Os bolsonaristas (vale para os petistas também, lá eles pensam exatemente a mesma coisa) até conseguem admitir que alguém vote em Lula, seja por ingenuidade, seja por má fé. Mas não conseguem admitir que alguém anule o voto. E por que? Porque consideram o voto nulo como uma espécie de “meio-termo” entre os dois candidatos, um “murismo” que vai eleger o adversário. Não conseguem entender que o voto nulo, na verdade, é um voto tão decidido quanto o voto em um ou outro candidato. É o voto de quem gostaria de eleger um terceiro que não está na cédula, e realmente tanto faz quem vai ser eleito se não for este terceiro.
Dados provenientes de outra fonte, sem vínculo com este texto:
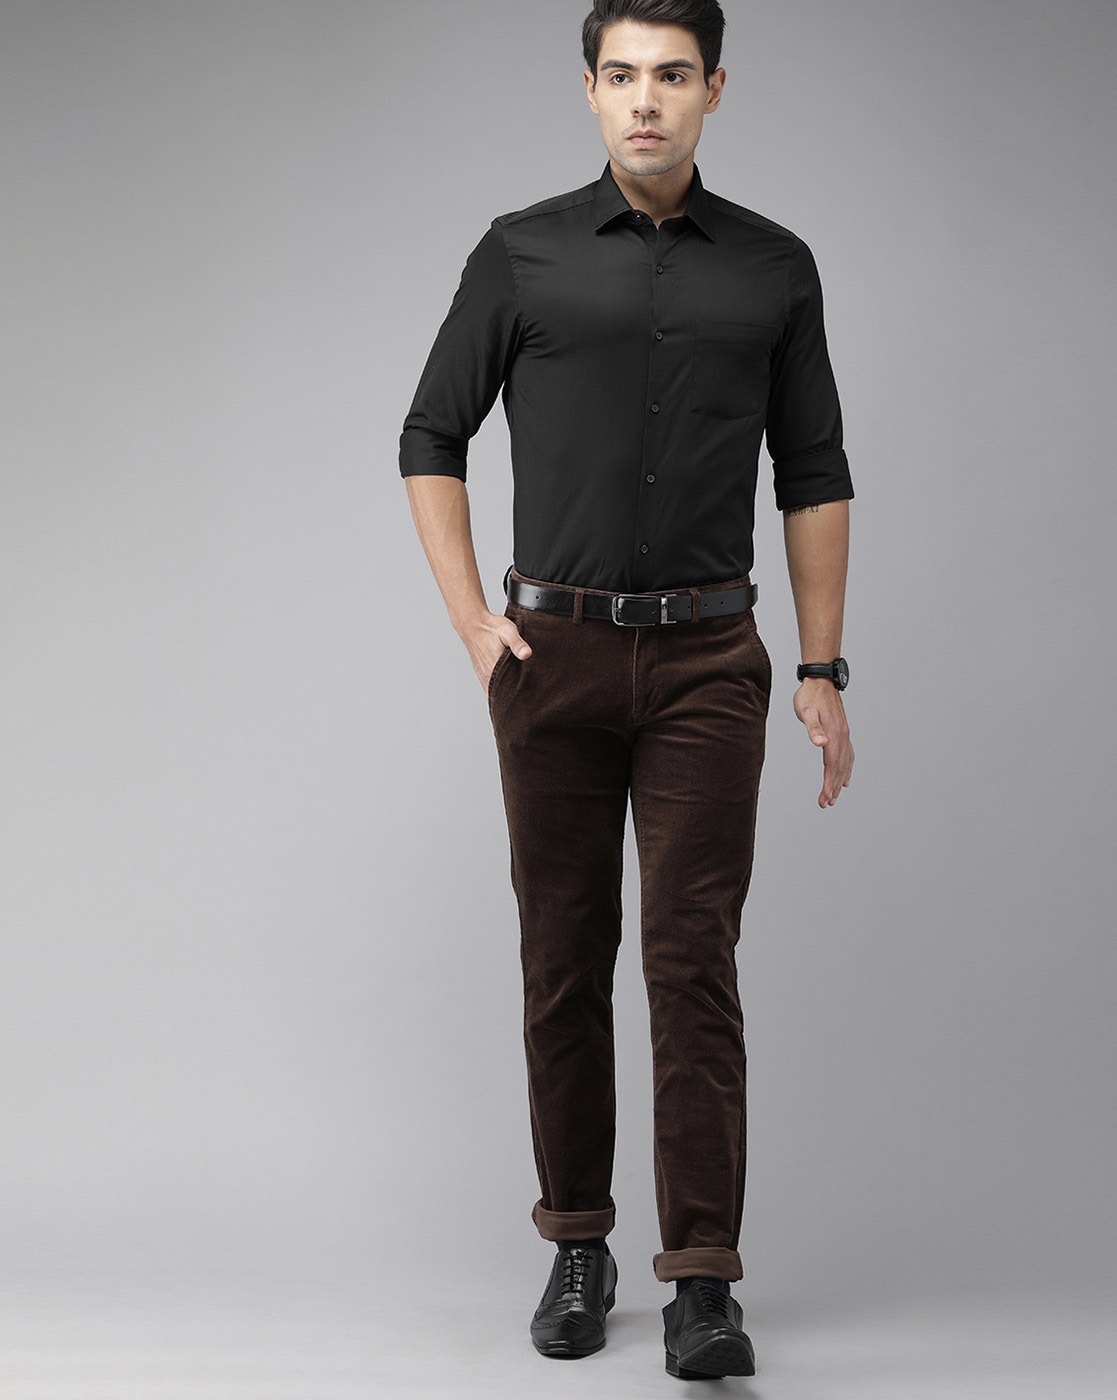 Shop Best Black Cotton Casual Shirt for Men – IndusRobe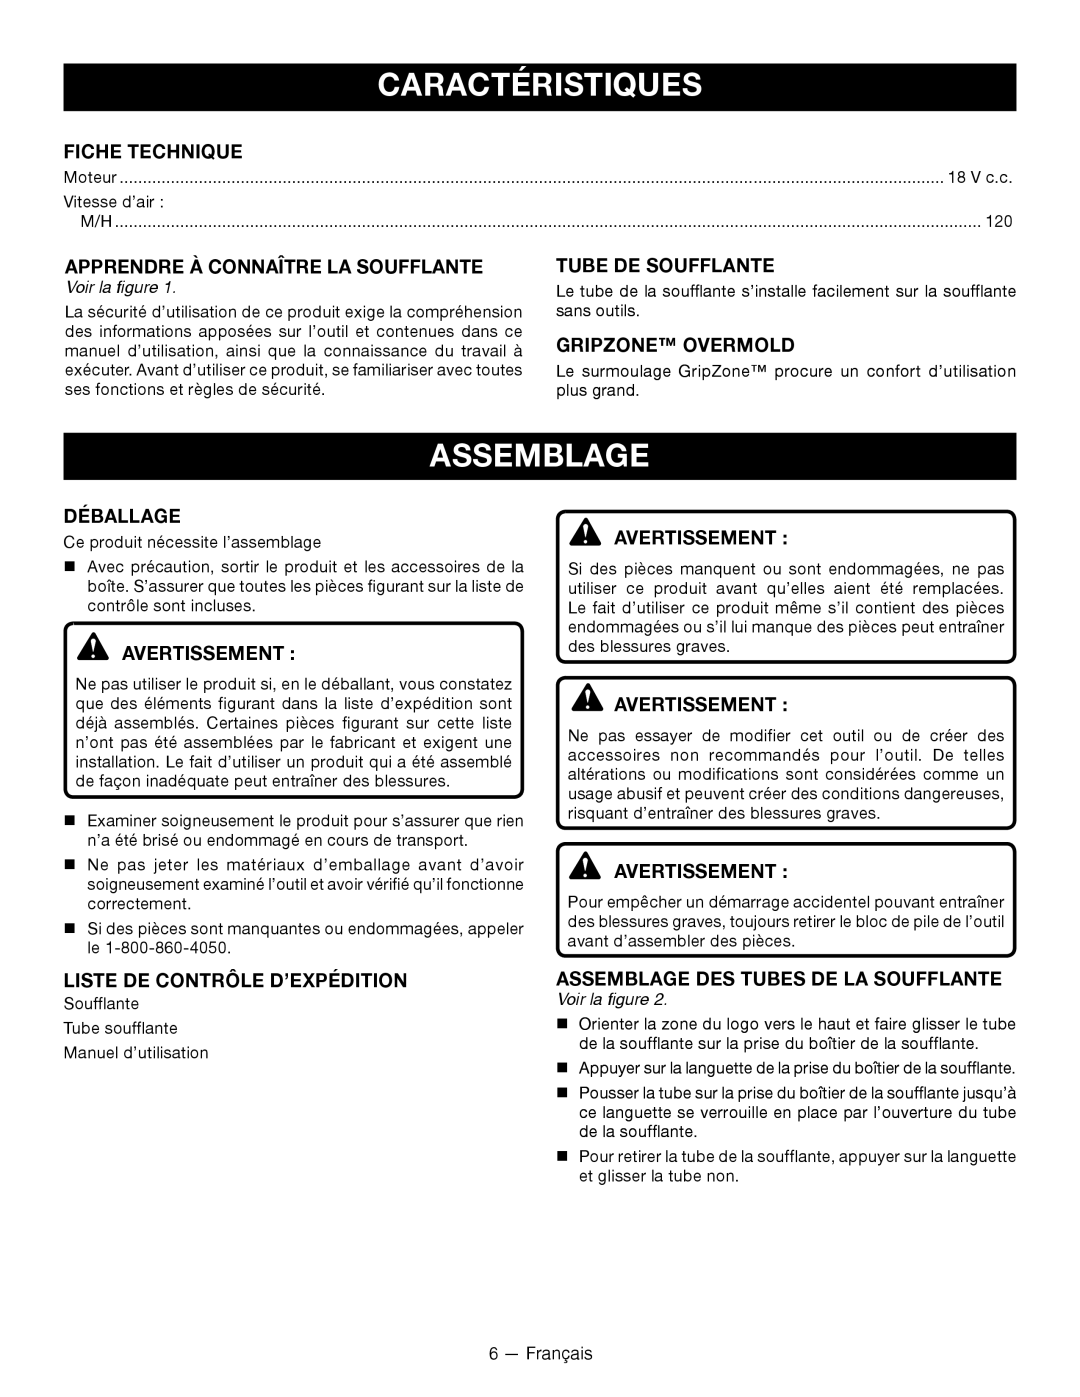 Ryobi P2105 manuel dutilisation Caractéristiques, Assemblage

É o voto do protesto contra uma escolha que não lhe diz respeito.
Dizem que, se os que se abstiveram tivessem votado no candidato da direita na Colômbia, este teria vencido. É o mesmo que dizer que, se minha mãe tivesse nascido homem, seria meu pai. Os que se abstiveram, por óbvio, não queriam votar no candidato da direita. Caso quisessem, teriam votado, ora pois. O mundo das possibilidade é sempre infinito, mas, no mundo real, o que vale é aquilo que aconteceu. E o que aconteceu é que, dentre aqueles que escolheram um dos dois candidatos, a maioria votou no candidato da esquerda.
Portanto, os “culpados” pela eventual vitória de Lula serão, em primeiro lugar, os próprios eleitores de Lula. E, depois, secundariamente, serão Bolsonaro, os bolsonaristas e os anti-petistas, que não conseguiram convencer gente suficiente para sufragar o nome do presidente nas urnas. O resto é conversa de louco.
PS1.: não decidi meu voto ainda. E, quando decidir, talvez não o torne público. Meus posts têm a humilde intenção de agregar informações e análises ao debate eleitoral. Essa é a minha contribuição, minha declaração de voto é irrelevante.
PS2.: os que votam nulo têm sim o direito de criticar o governo de plantão. O direito à crítica não nasce do voto, mas do simples fato de ser um cidadão titular de direitos. Votar ou não é irrelevante para a crítica. Se não fosse assim, os que votaram no presidente não poderiam criticá-lo, o que é uma rematada bobagem.
PS3.: os comentários provarão a tese de que lógica é uma matéria que deveria ser obrigatória no ensino fundamental.